Abstract:  The problem of simulating quantum circuits that appear in variational algorithms offers distinct opportunities, when compared to simulating other types of quantum circuits. We focus on exploiting three characteristics common in variational algorithm quantum circuits. These properties are 1. circuits in variational algorithms such as VQE and QAOA are often wide but shallow, 2. the algorithms run circuits with the same topology many times, with only differences in gate parameters between runs, 3. the variational algorithm expects the quantum computer or simulator to return samples from a multi-modal wavefunction, and not the full high-dimensional wavefunction. These traits make this type of circuit simulation a distinctive workload compared to simulating Shor's, Grover's, or even random circuit sampling workloads.

In this ongoing work, we use knowledge compilation on Bayesian networks to aid simulating variational quantum algorithms. Knowledge compilation is a set of techniques we borrow from classical AI inference, which had been useful for repeated inference on AI models with different parameters, and for efficient stochastic simulation of those inference models. Those tricks may be useful here for quantum circuit simulation.

The toolchain begins by converting quantum circuits to complex-valued Bayesian networks. This transformation has been established by prior work that use probabilistic graphical models and tensor network contraction for quantum circuit simulation. From this transformation, our work strikes out on a new pathway to do simulation. We convert the Bayesian networks to conjunctive normal forms, and finally to arithmetic circuits for inference. These minimized arithmetic circuits can be reused across multiple simulations with different parameters. Furthermore, the arithmetic circuits allow for more efficient sampling of measurement outcomes from the final wavefunction.

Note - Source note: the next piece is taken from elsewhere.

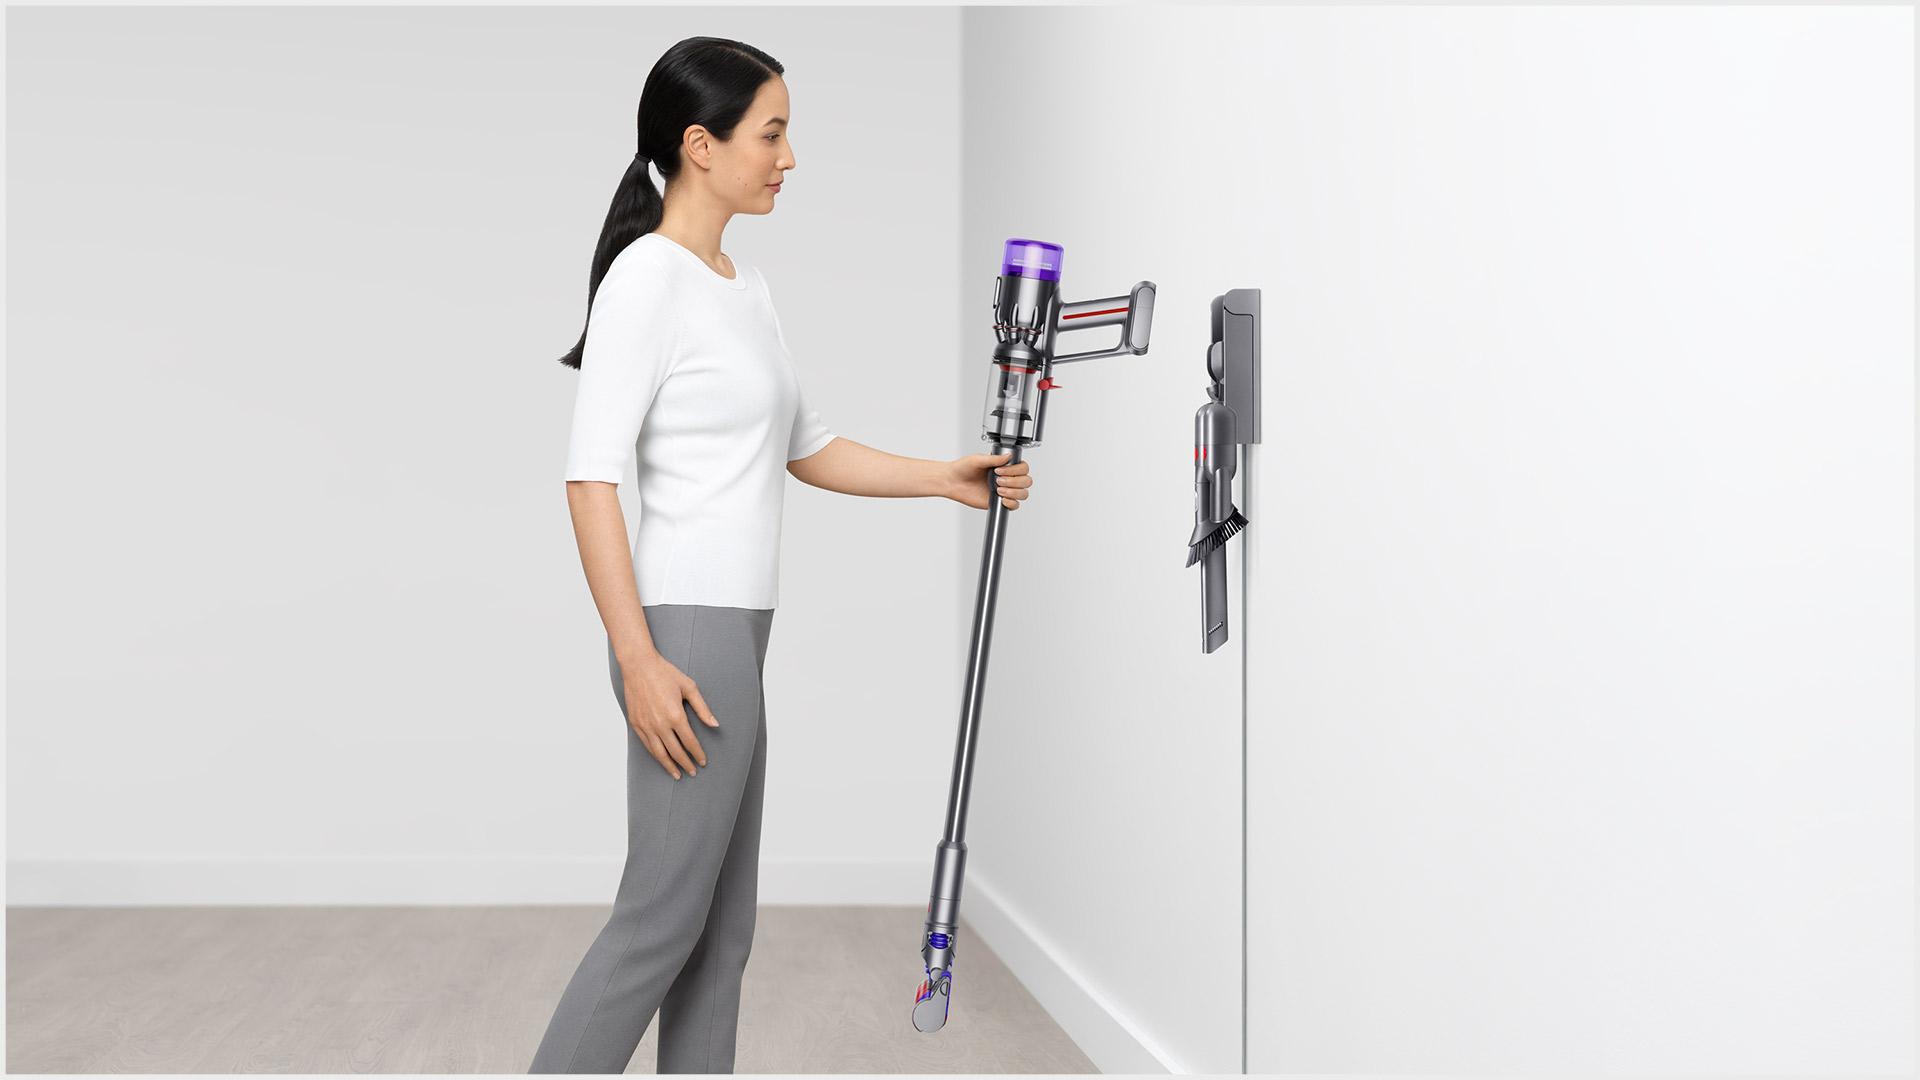 Woman placing vacuum into the wall dock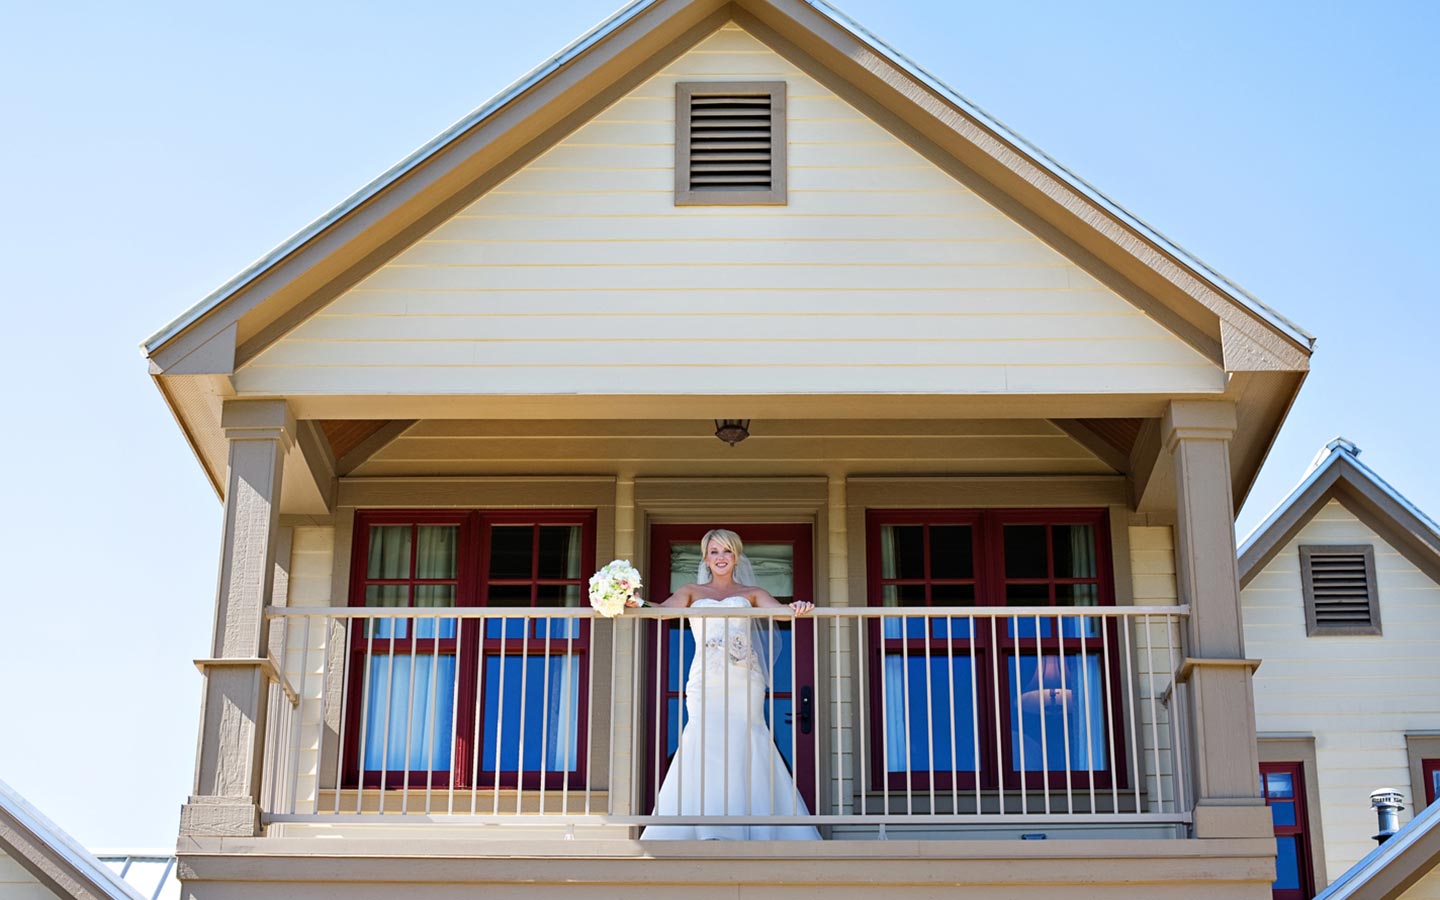 Texas waterfront wedding venues - the bride overlooks a railing at the inn

We experimentally validate our simulation toolchain using Google Cirq for its QAOA benchmark, its simulator test harnesses, and its native simulator as a baseline. We are able to beat the native simulator for QAOA problem sizes beyond 16 qubits, where the native simulator starts to struggle with longer wavefunction vectors. Our proposed approach appears to be limited in terms of depth to about 33 steps, where the size of the compiled topology becomes a limiting factor. In all, the approach may be useful in simulating this wide but shallow range of quantum circuits.